Why does the infection usually happen again after a first time? I just ask because I've never heard of this. We never had a problem with recurrence in these situations, at least on the farm but maybe house pets are different? Once, with a girl with a horrible infection, we had to clean her out with a hose once a day and she had absolutly no issues later after that, along with antibiotics etc. If the baby somehow died and then the infection happend, what makes you think that it will inevitably happen again? Then, if the infection happened, then the kitten died, why do you think that would happen again? Why does the vet think the kitten is dead? I think since the situation has escaladed, at least a c-section is in order like NOW. Is there no other vets willing to do an ultrasound to confirm the death of the kitten? If the vet I went to was uncaring and unknowledgable in a life or death situation like this, I would definatly find another vet ASAP for a second opinion. I'm not trying to be rude, I promise, or even try to turn this into a debate as I don't know exactly how sick the cat is, how elevated her white count is, etc. Just that if she has a nice breeding queen and there is some other way to fix this issue without endangering her further than needed, like bad odds of survival, and there is no reason to assume the infection can't be solved through any other meens, why spay her? Noone knows what the situation is exactly, and I know at least I am not a vet, though I do give shots, basic vet care, sub q fluids, and have assisted in hundreds of births, I even broke a finger once turning a breach when I miscalculated a contraction...ouch. She needs to find out all her options at a vet that cares and knows what they are talking about, am I right?


----------



## Sol

BamMcg said:


> Why does the infection usually happen again after a first time? I just ask because I've never heard of this. We never had a problem with recurrence in these situations, at least on the farm but maybe house pets are different? Once, with a girl with a horrible infection, we had to clean her out with a hose once a day and she had absolutly no issues later after that, along with antibiotics etc.

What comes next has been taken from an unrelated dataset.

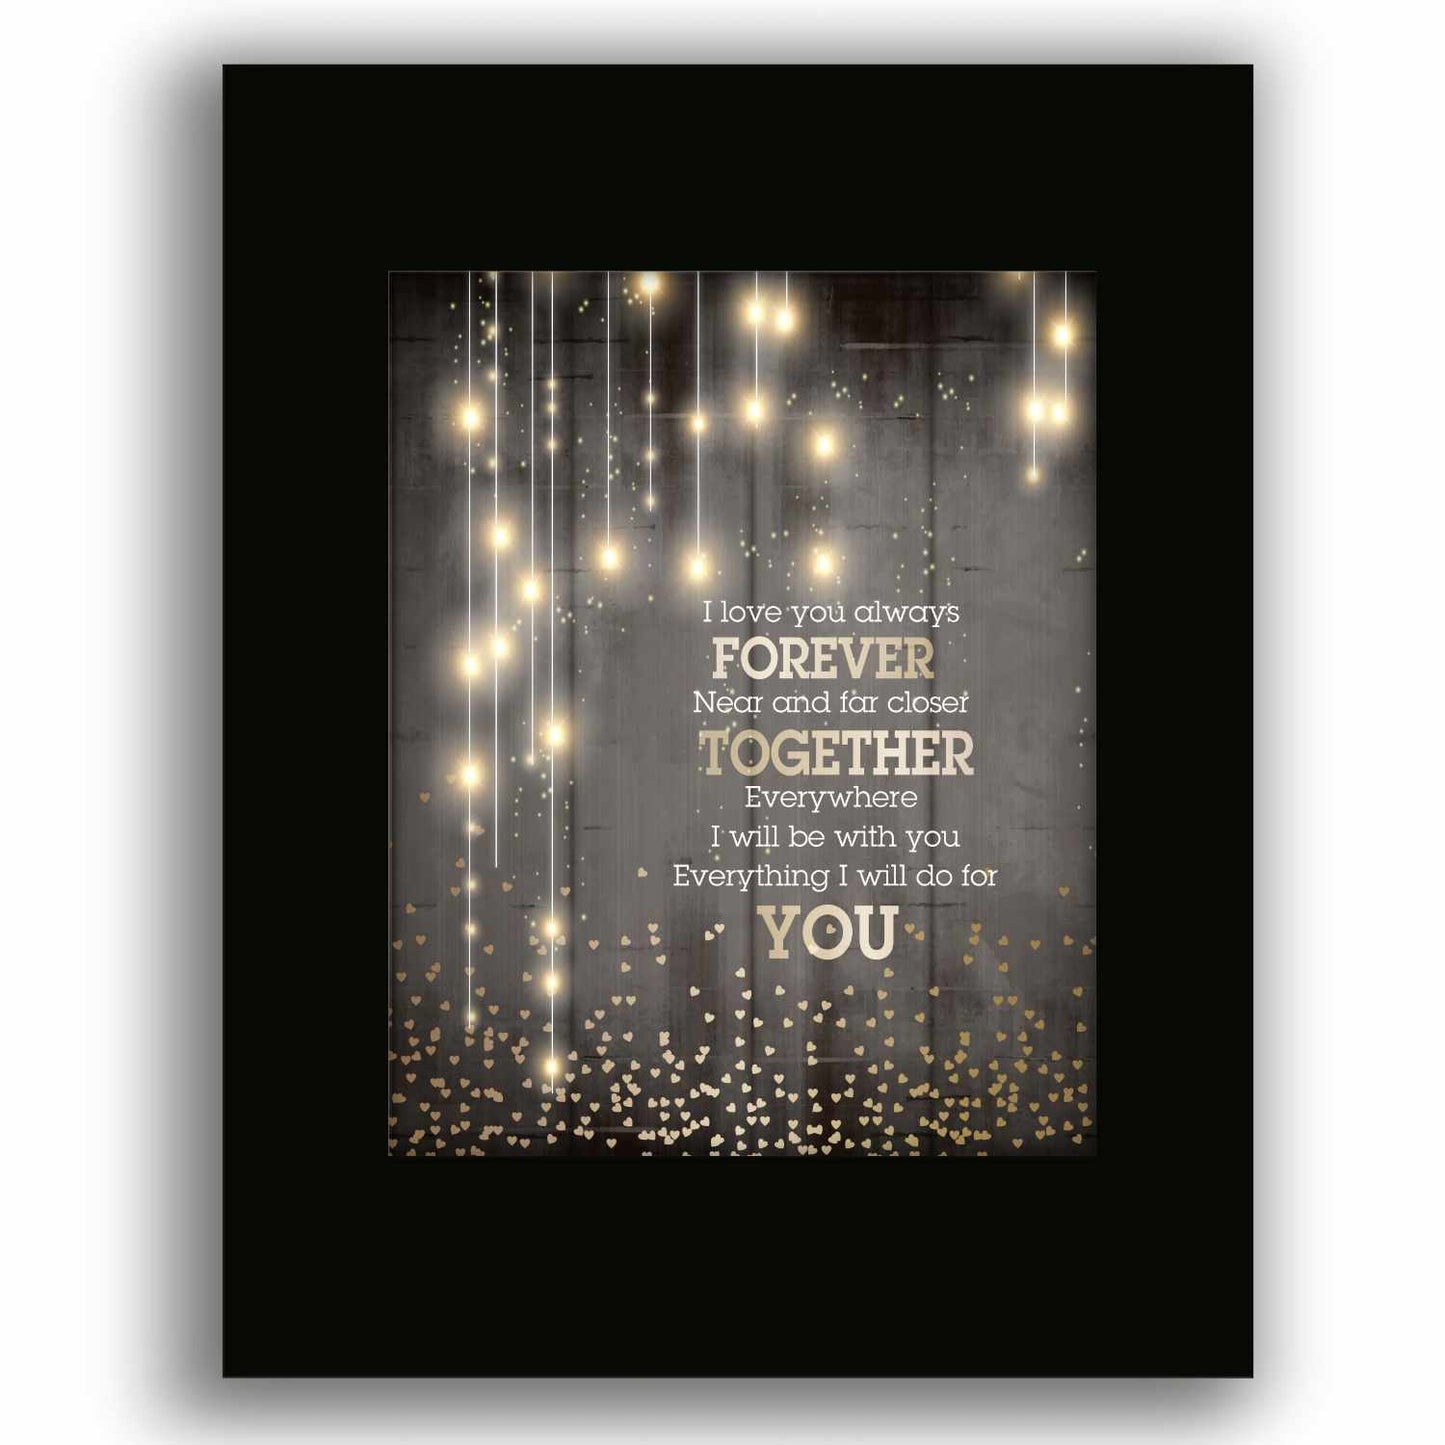 I Love You Always Forever - Donna Lewis Pop Song Lyric Print Song Lyrics Art Song Lyrics Art 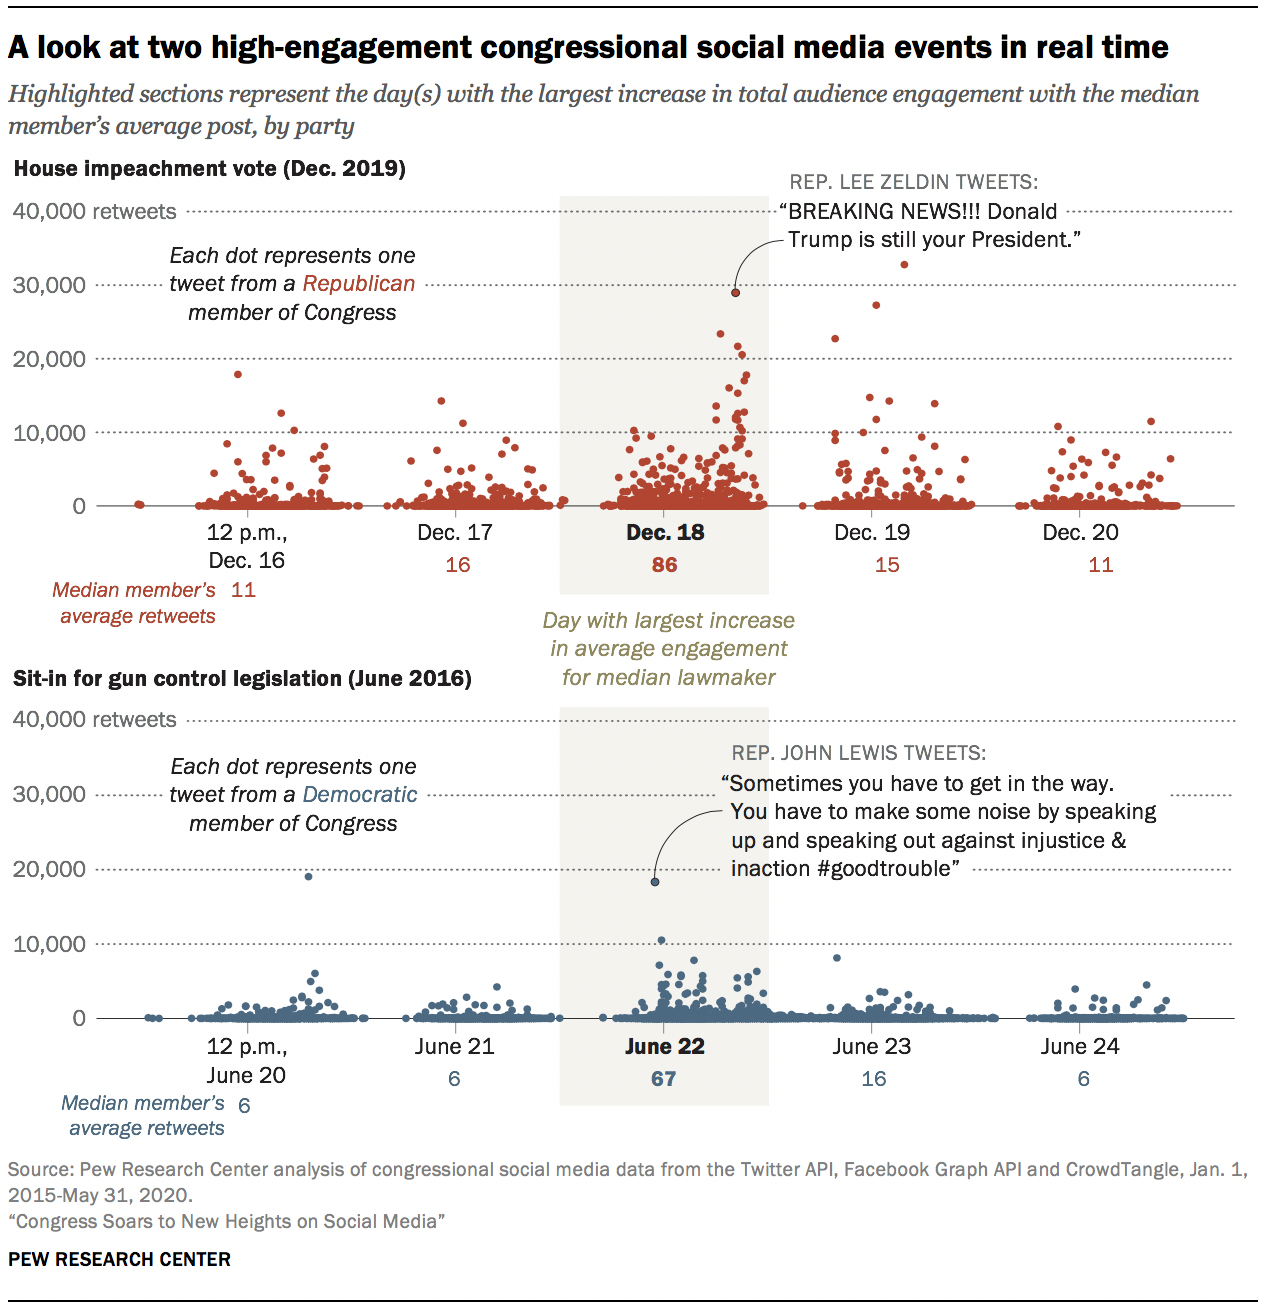 A look at two high-engagement congressional social media events in real time

If the baby somehow died and then the infection happend, what makes you think that it will inevitably happen again? Then, if the infection happened, then the kitten died, why do you think that would happen again? Why does the vet think the kitten is dead? I think since the situation has escaladed, at least a c-section is in order like NOW. Is there no other vets willing to do an ultrasound to confirm the death of the kitten? If the vet I went to was uncaring and unknowledgable in a life or death situation like this, I would definatly find another vet ASAP for a second opinion. I'm not trying to be rude, I promise, or even try to turn this into a debate as I don't know exactly how sick the cat is, how elevated her white count is, etc. Just that if she has a nice breeding queen and there is some other way to fix this issue without endangering her further than needed, like bad odds of survival, and there is no reason to assume the infection can't be solved through any other meens, why spay her? Noone knows what the situation is exactly, and I know at least I am not a vet, though I do give shots, basic vet care, sub q fluids, and have assisted in hundreds of births, I even broke a finger once turning a breach when I miscalculated a contraction...ouch. She needs to find out all her options at a vet that cares and knows what they are talking about, am I right?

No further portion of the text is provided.